Some of this "sidetrack" is trying to help you.
Saws aren't built in a vacuum. The chain will be just as important as the porting. You can raise the exhaust a quarter inch and have peaky wizzy-poo that will spin 13000 rpms plus, but die as soon as the chain hits the wood. If your saw is peaky, you'll have to keep the rakers high or put in a smaller drive sprocket to keep it up on the powerband, but it won't be any faster, likely slower. Better to keep the torque side of your equation up, useful powerband between 9000-10000 and maintain your drive sprocket and some more agressive rakers that actually take a bite and cuts faster. Stop thinking F1 V10 and start thinking Twin-turbo Cummins. You will also be limited by the reed-port design in terms of how far up you can push the revs. The reed block will always be your airflow road block. This design tends to be more towards torque production than the piston ported design.

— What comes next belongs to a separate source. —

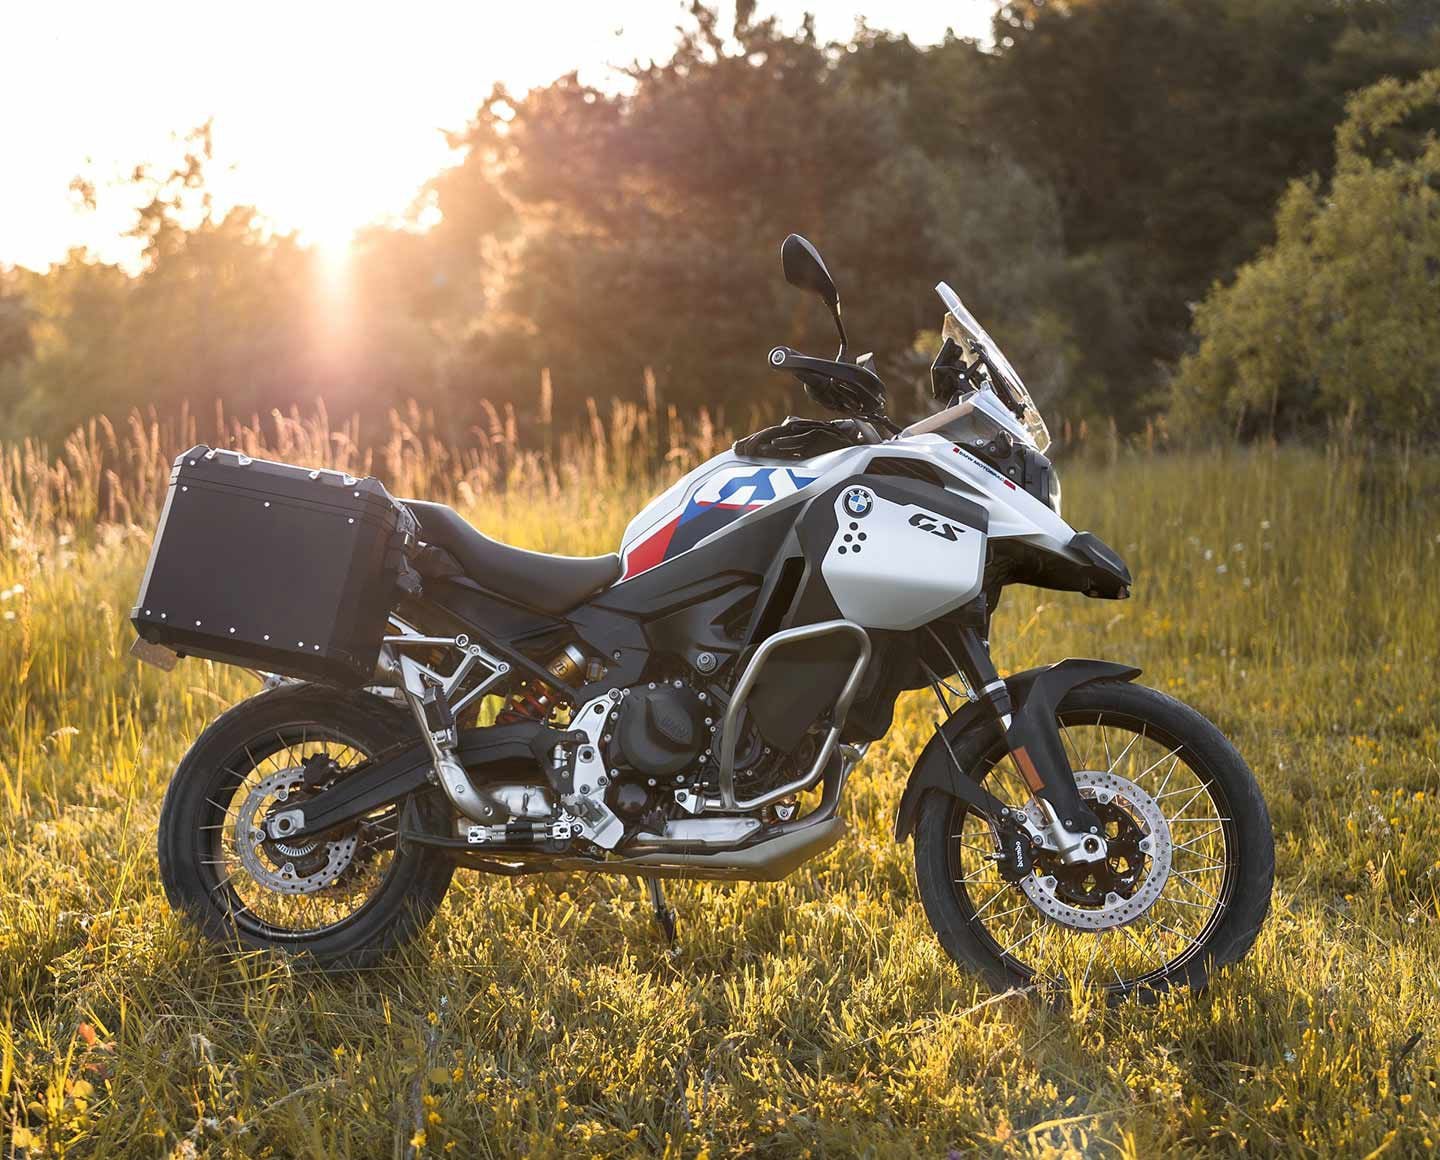 The 2024 BMW F 900 Adventure drops some weight and adds the new engine and suspension, but retains its larger 6-gallon fuel tank and bulkier tailsection.
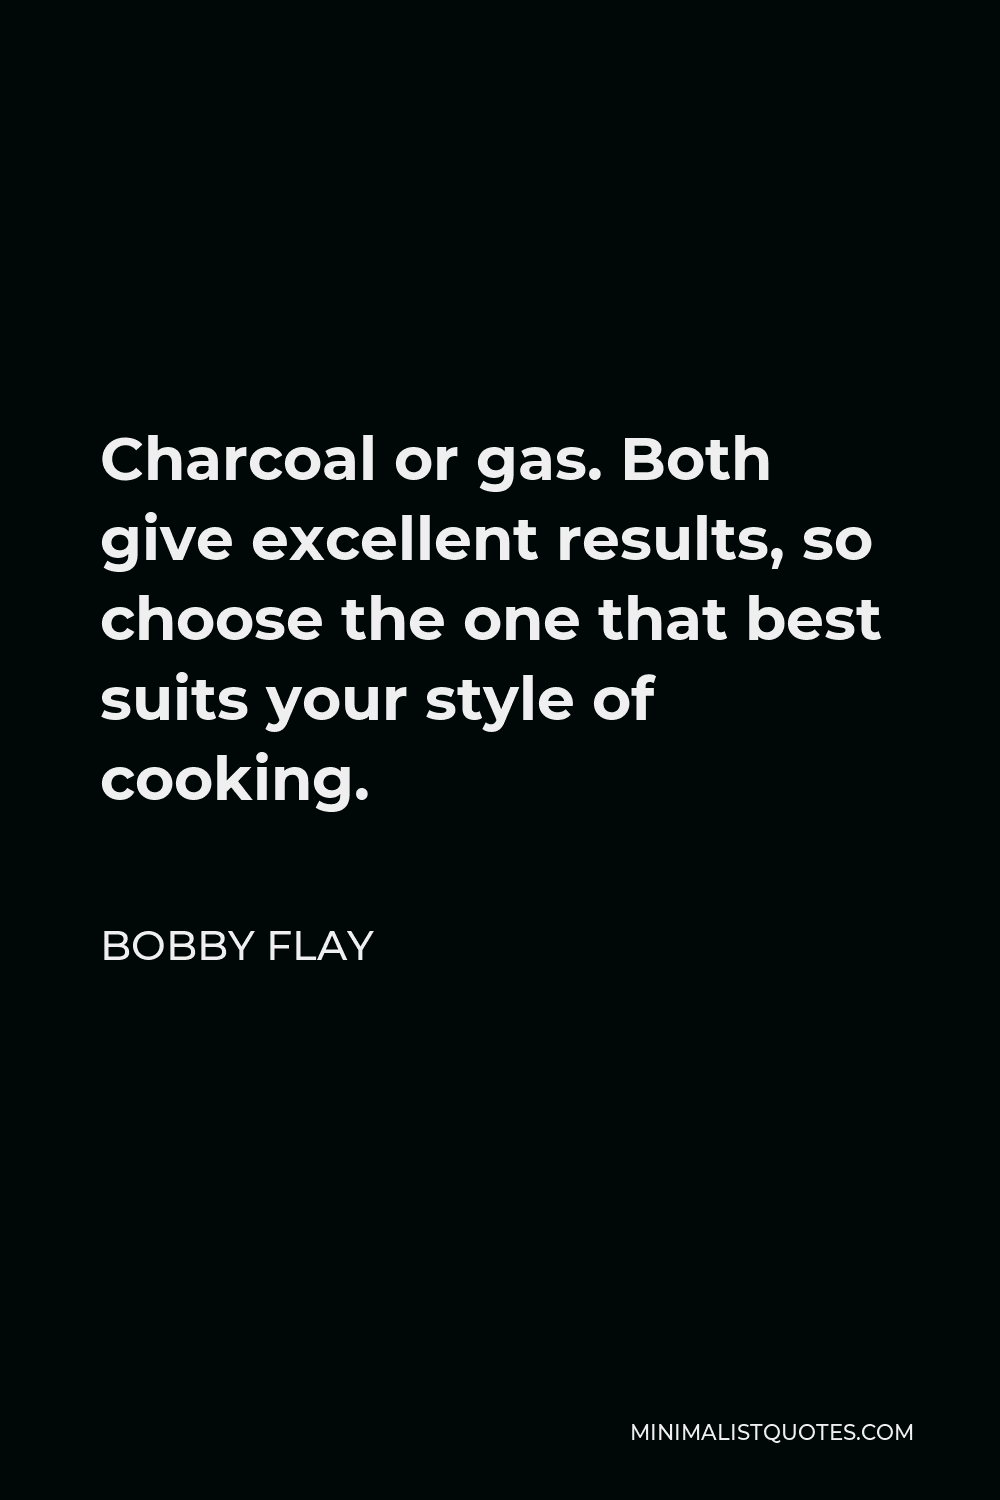 Bobby Flay Quote - Charcoal or gas. Both give excellent results, so choose the one that best suits your style of cooking.

You can buy laminated fiber reed material in bulk and cut whatever you want. They'll work better than metallic ones and not destroy the engine when they fail.
Lastly, I don't know if anyone has ported one of these before. If you're after some direction on what to do to port it, bolt up the degree wheel and give some stock numbers and the porters will be glad to guide you. At the moment, your question is stuck at the level of asking someone how to get somewhere without knowing where you are first.